Mark earned his MS from the University of Minnesota in 1985, his PhD from Florida State University in Biology in 1990 and has been working at UC Davis since 1994. Mark is a plant ecologist by training but believes that conservation scientist is what would describe him best at this time in his career. We asked Mark some questions so that students can get to know him a bit better.
Tell us about your research?
I work on three areas of research. First, I study the drought, land use, climate and fire effects on natural vegetation in order to predict ecosystem changes under climate change. This work has focused on California, but I have studies on these same questions in Tanzania, Mexico and China. The second area of research is examining the efficacy of various climate adaptation strategies to protect biodiversity. Specifically, I am most interested in the issue of moving species to new environments in response to changing climates, or assisted migration. Finally, I study decision support for conservation to maximize opportunities to create positive conservation outcomes in difficult situations.

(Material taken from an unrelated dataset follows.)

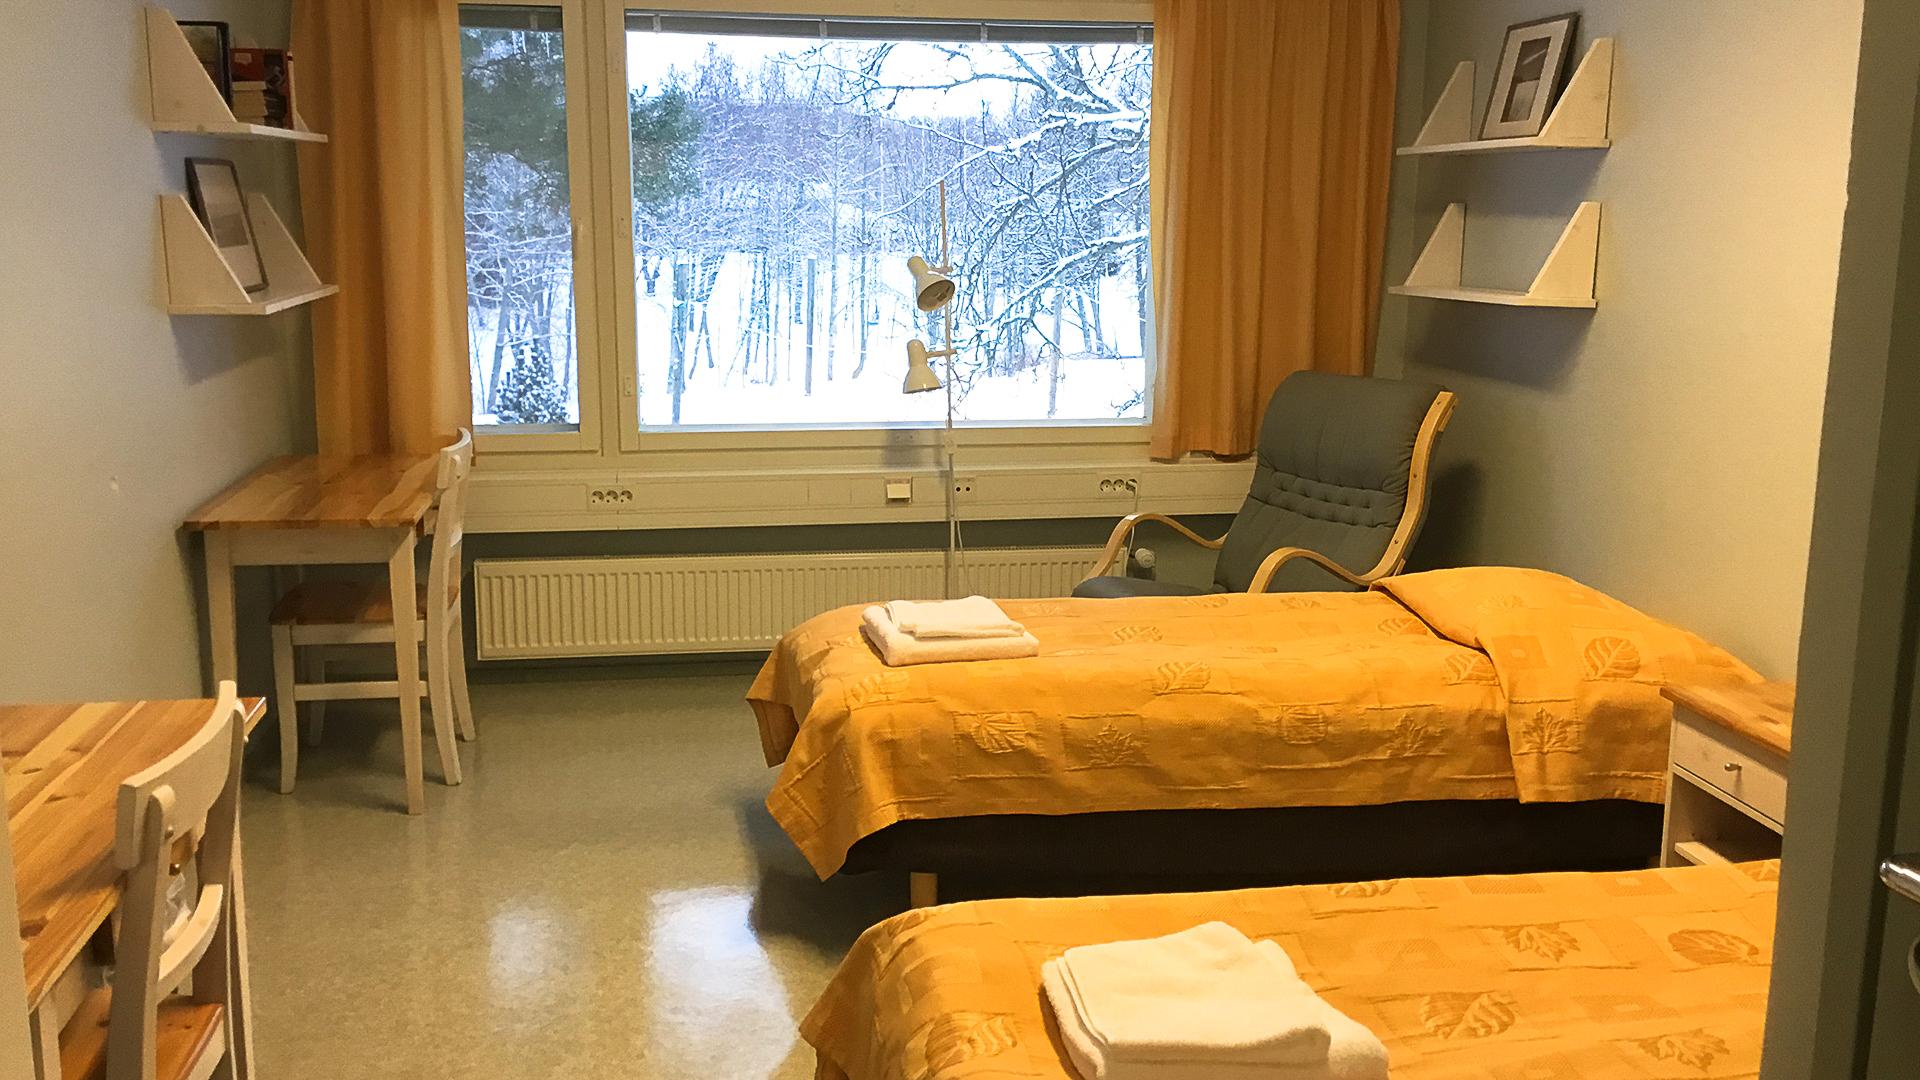 Majoitusta ympäri vuoden rauhallisella ja luonnonkauniilla alueella Kälviällä noin 20 minuutin ajomatkan päässä Kokkolasta.

What is your favorite EPM class to teach and why?
ENV200 is a great class to teach because it brings a diverse suite of students who are interested in problems ranging across the full spectrum of environmental challenges and we find a common issue in learning how decision-makers access the background science for a problem and then move toward transparent, defensible and durable decisions regarding management. Covering topics from food, water and pollution to biodiversity, we can apply these stakeholder engagement, project planning and decision science tools generally across a wide array of problems. The discussions with students are wide-ranging and interesting.
What has been the most rewarding teaching/mentoring moment during your career?
Watching students move off to rewarding professions, just generally, is very gratifying. I have been very proud of some of my research work, but this pales in comparison to watching people you grow to know and care about succeed in their career trajectories. Years ago, I had an ecology PhD student who wanted to make a difference for conservation in Nicaragua. 15 years later this former student, Sarah Otterstrom, is the founder and director of a $1 million + / year NGO called Paso Pacifico, based in Nicaragua. Paso Pacifico does so much more than conservation, but also works on alleviating poverty and educating and empowering women. Watching this mature from the seed of an idea as an alternative to a post-doc has been amazing.
What is a piece of advice that you would give to a student thinking about joining our program?
Graduate education is an interactive adventure. Students need to take ownership of their professional goals and treat their graduate education as if it were a two year job interview. Building skills for your resume building networks of professional colleagues all takes time and energy. But, one can make remarkable headway by being mindful of the effort needed to achieve success.